This program detects cache line invalidation policy of three Intel flush instructions: clflush, clflushopt and clwb. It evaluates whether issuing a flush instruction on a cache line presented in the cache of one or several processors invalidates the cache line from all levels of the cache hierarchy. It considers different possible initial states for the cache line, different scenarios regarding the position of the cache line and the core issuing the flush instruction. Also considering the case of multiple NUMA nodes.

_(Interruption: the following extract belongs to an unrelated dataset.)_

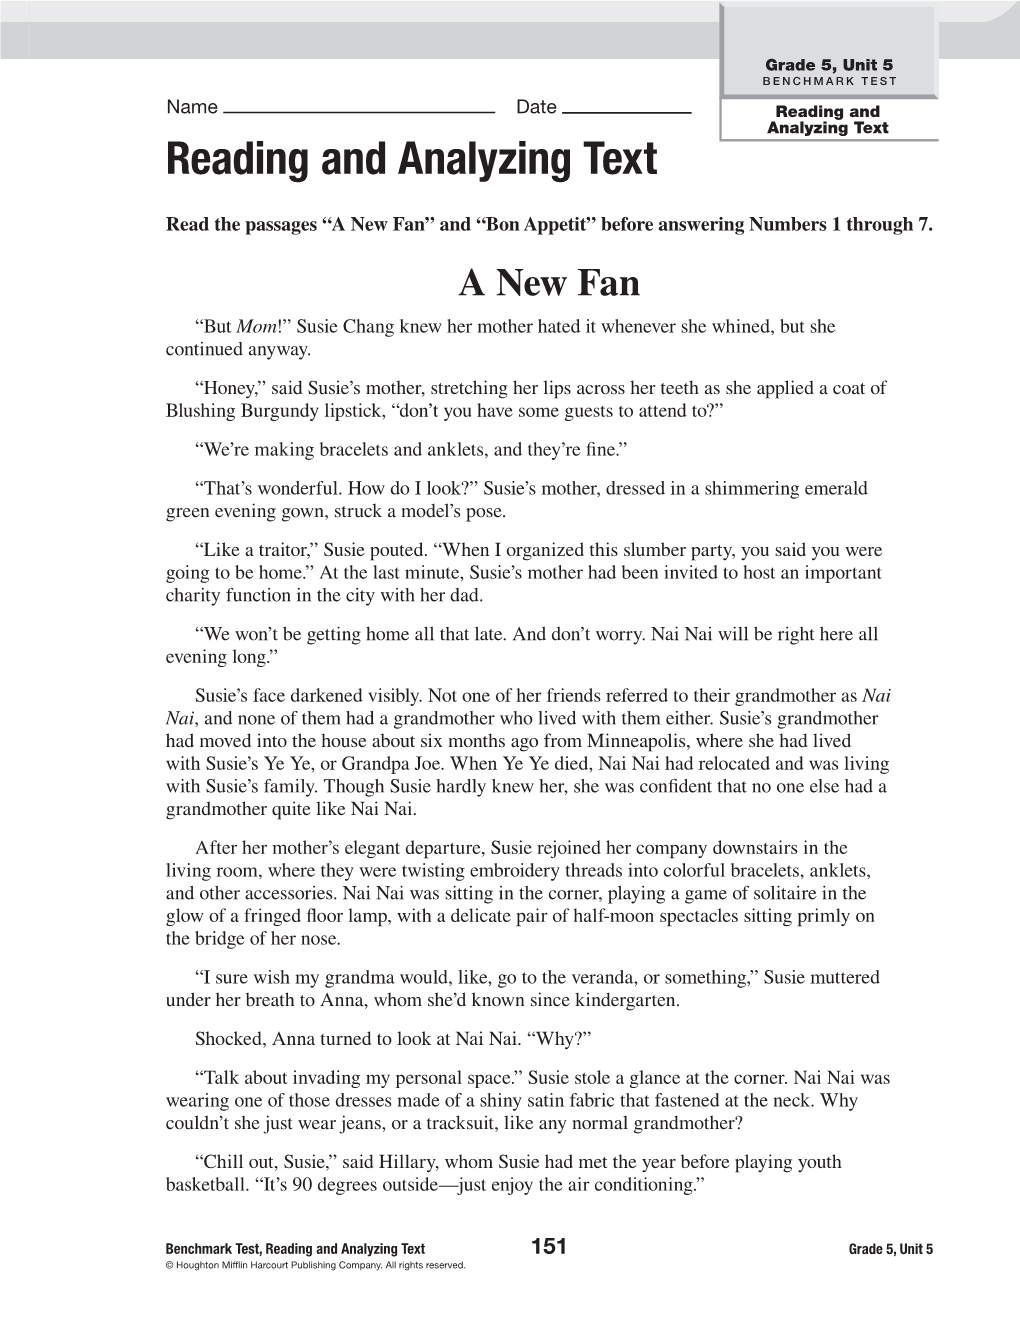 Reading and Analyzing Text Reading and Analyzing Text

- Hardware support for each instruction can be checked in CPU flags. If any of the instruction is not supported then the program will not compile. In this case, corresponding instruction can be commented in clwb_all_impl.c file
- For the program to give reliable results, hardware prefetchers should be disabled. To do this, MSR tool should be installed:
sudo apt-get install msr-tools
sudo modprobe msr
disable prefetchers: sudo wrmsr -a 0x1a4 15
enable prefetchers: sudo wrmsr -a 0x1a4 0
check whether changes were applied: sudo rdmsr 0x1a4-
It's necessary to have installed PAPI and HWLOC libraries. This can be done from the official package repositories for most distributions.
-
Not all the processors support PAPI native events that are used in the program. Therefore this should be checked with papi_native_avail command after installing the library. Used events are:
- MEM_LOAD_RETIRED: L1_HIT, L2_HIT, L1_MISS, FB_HIT
- L2_RQSTS: ALL_RFO, RFO_HIT
- L1D: REPLACEMENT
Makefile is provided in src file.
The program can be executed from src file by running the following command:
./clwb_all.runIt can take a parameter to define which instruction should be evaluated: clflush, clflushopt or clwb. By default it evaluates clwb. To allow hardware event counter monitoring, the following command should be executed:
sudo sh -c 'echo -1 >/proc/sys/kernel/perf_event_paranoid' Restoring the original state after running program:
sudo sh -c 'echo 3 >/proc/sys/kernel/perf_event_paranoid' The output of the program lists all the scenarios that are evaluated. Initial state of the cache line is obtained by multithreading, where each thread either reads or modifies the address of an element. If all the threads read, then we get the cache line that is in a shared state in the cache, otherwise if threads modify the element then it will be in a modified state in one of the cores caches.
This work was done for the first year master project in Université Grenoble Alpes, in LIG - team ERODS.